Pero no morirás, madre, no dejaremos que eso suceda, no permitiremos que la cirugía de lo efímero te penetre las grasas vitales, impediremos que se consume tal escarnio, y por eso hemos tirado abajo las puertas del quirófano y te hemos arrancado de los guantes antisépticos sin nervio de pasión, te hemos bañado en agua bendecida con el viento del espíritu, te hemos prendido los detentes y escapularios que tanta plegaria han costado, hemos puesto ante tu mirada el retrato doliente de tu fundador crucificado, hemos hecho tocar tu corazón con el corazón traspasado de la cristófora, te hemos acariciado las arrugas, hemos untado los labios de tus heridas con ungüentos y pomadas sagradas, y te hemos dicho levántate, aquí estamos los hijos de los hijos de la madre de las madres para decirte que te amamos, que siempre hemos creído, que la esperanza está respirando en nuestro aliento, que saldremos a las puertas de este nosocomio de la locura para ofrecer nuestros pechos a las balas de los hijos ingratos, para que tu puedas salir caminando, resucitada, con la misma vida que se te dio al nacer.

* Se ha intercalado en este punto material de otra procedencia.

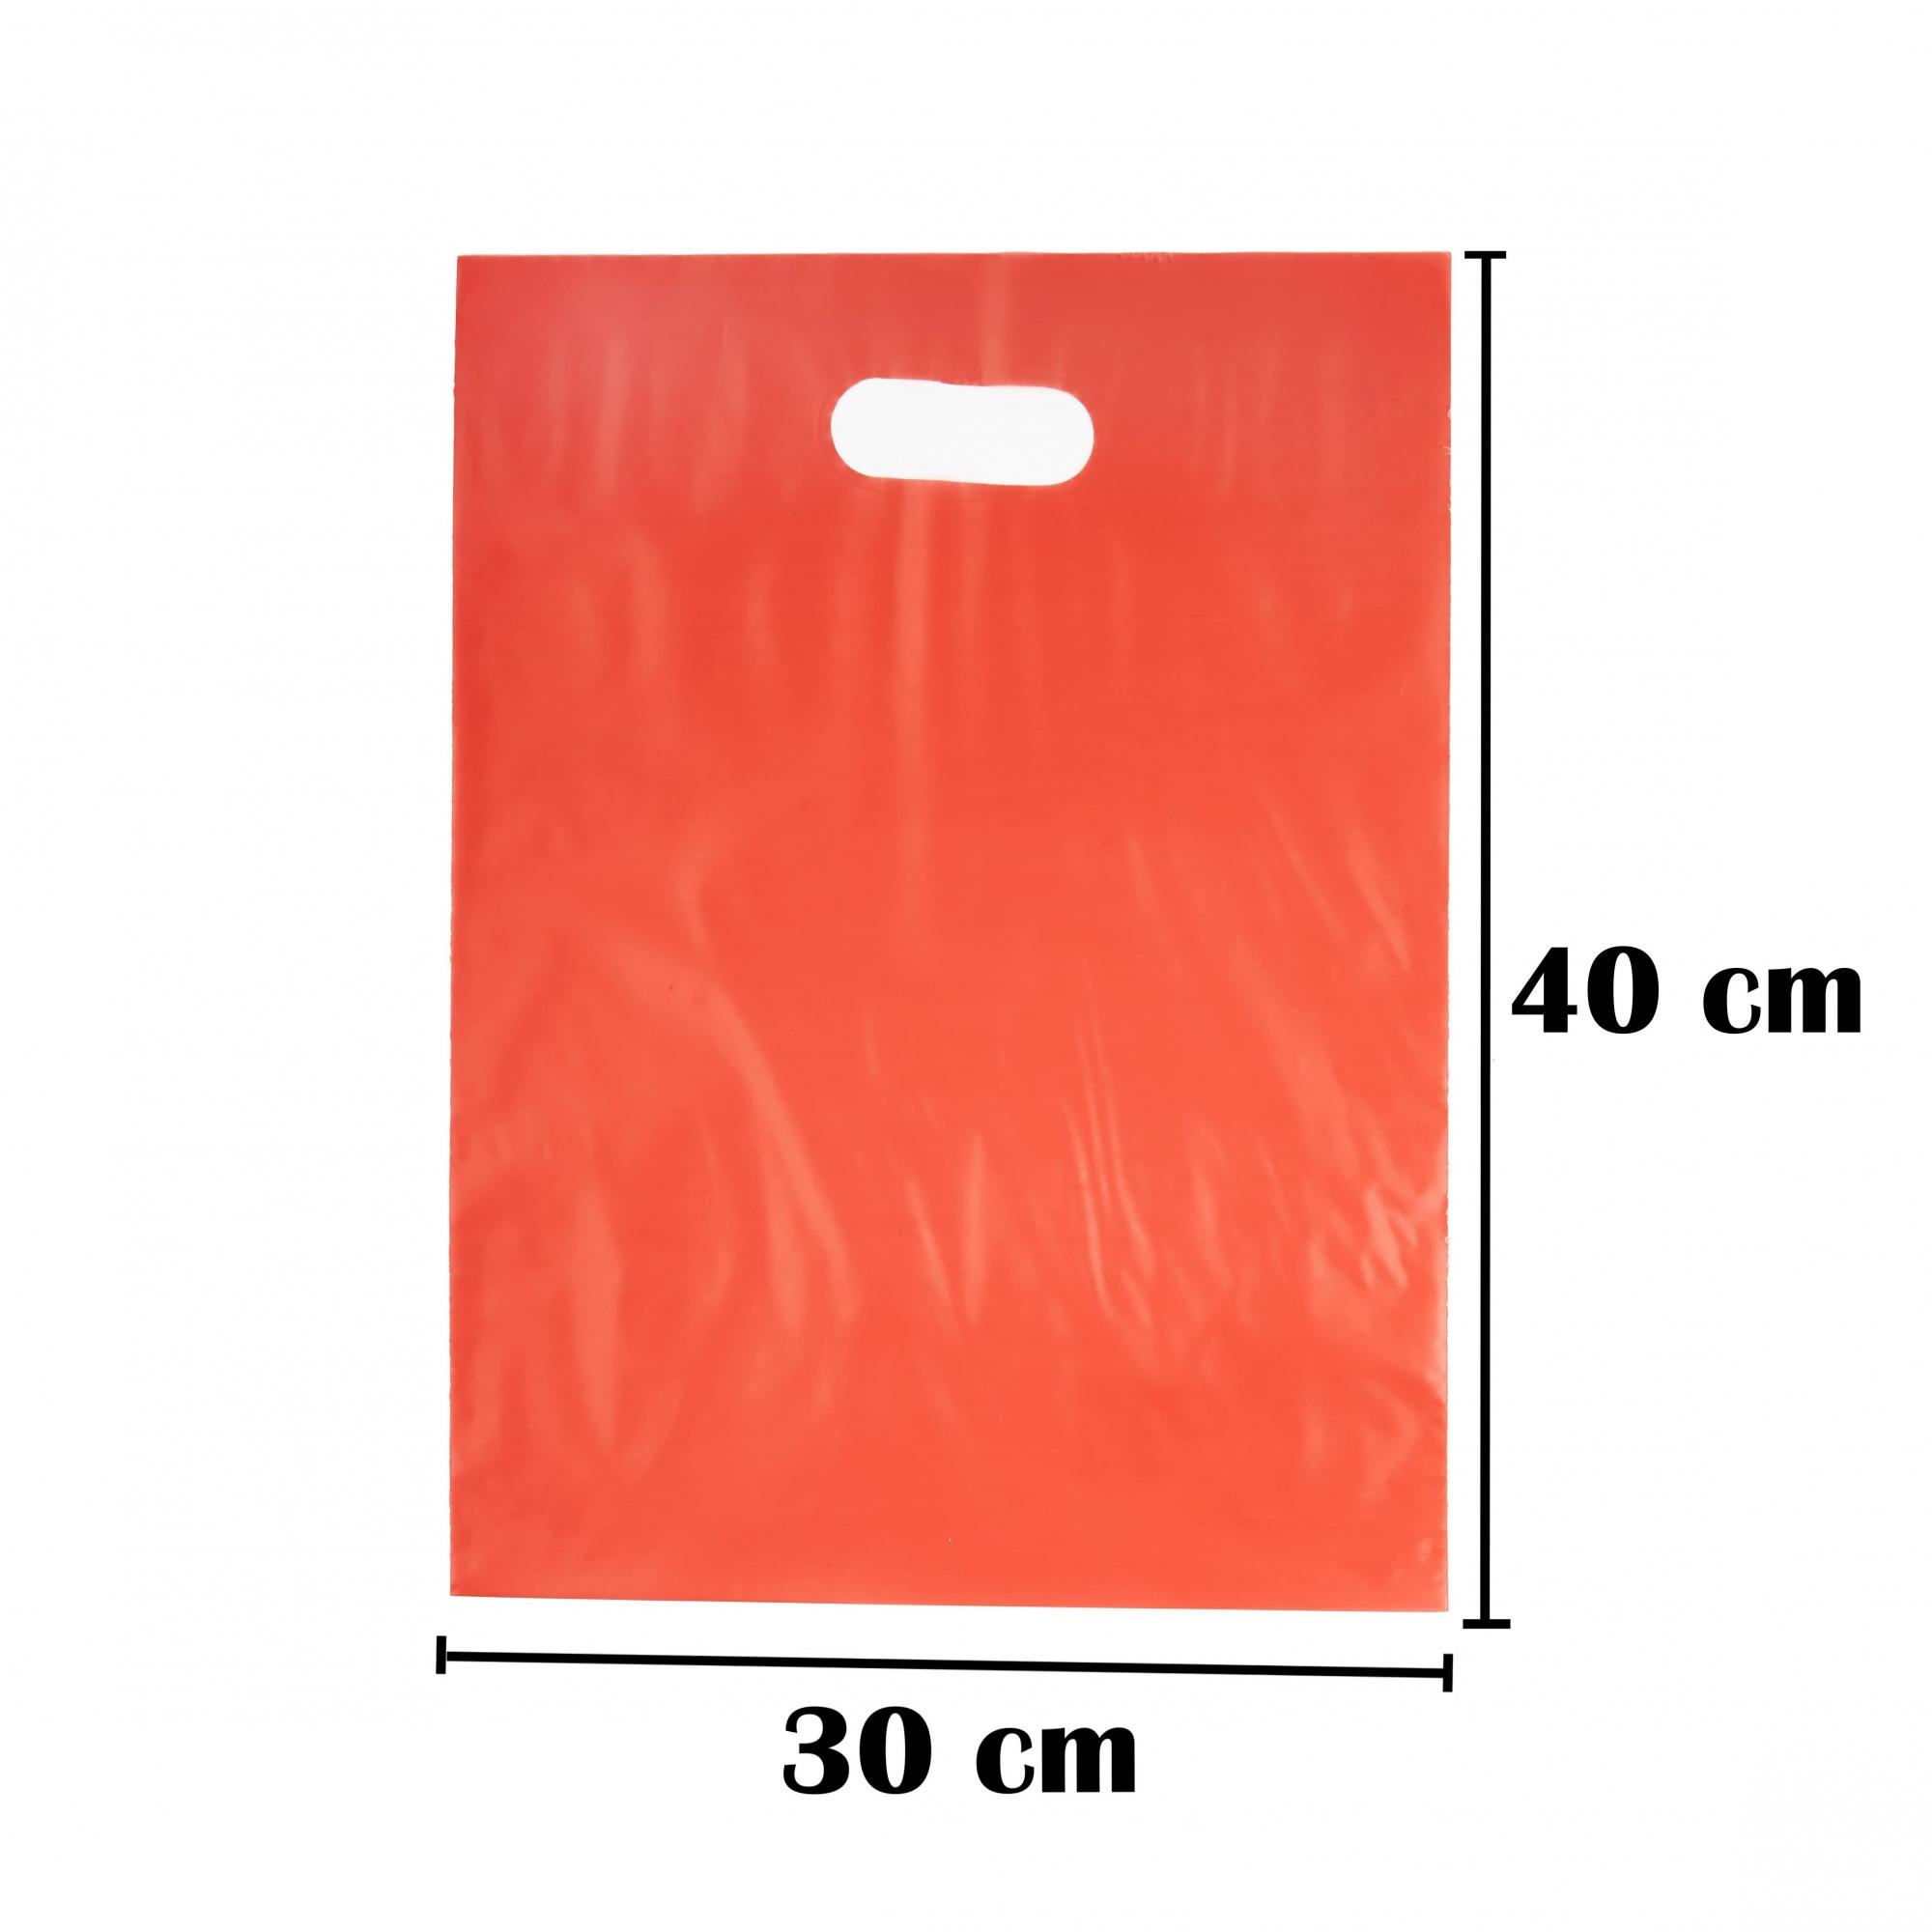 Sacola Plástica 30x40 Vermelha - Alça Boca de Palhaço - 50 Unidades

Y vimos a la madre, sin arrugas, los ojos abiertos de gozo, rejuvenecida con una belleza de mujer eterna, sin cicatrices ni recuerdos de los ultrajes recibidos de los hijos de la infamia, levantarse de la mesa de operaciones y salir con nosotros para festejar los quinientos años de su nacimiento, en una mañana esplendorosa.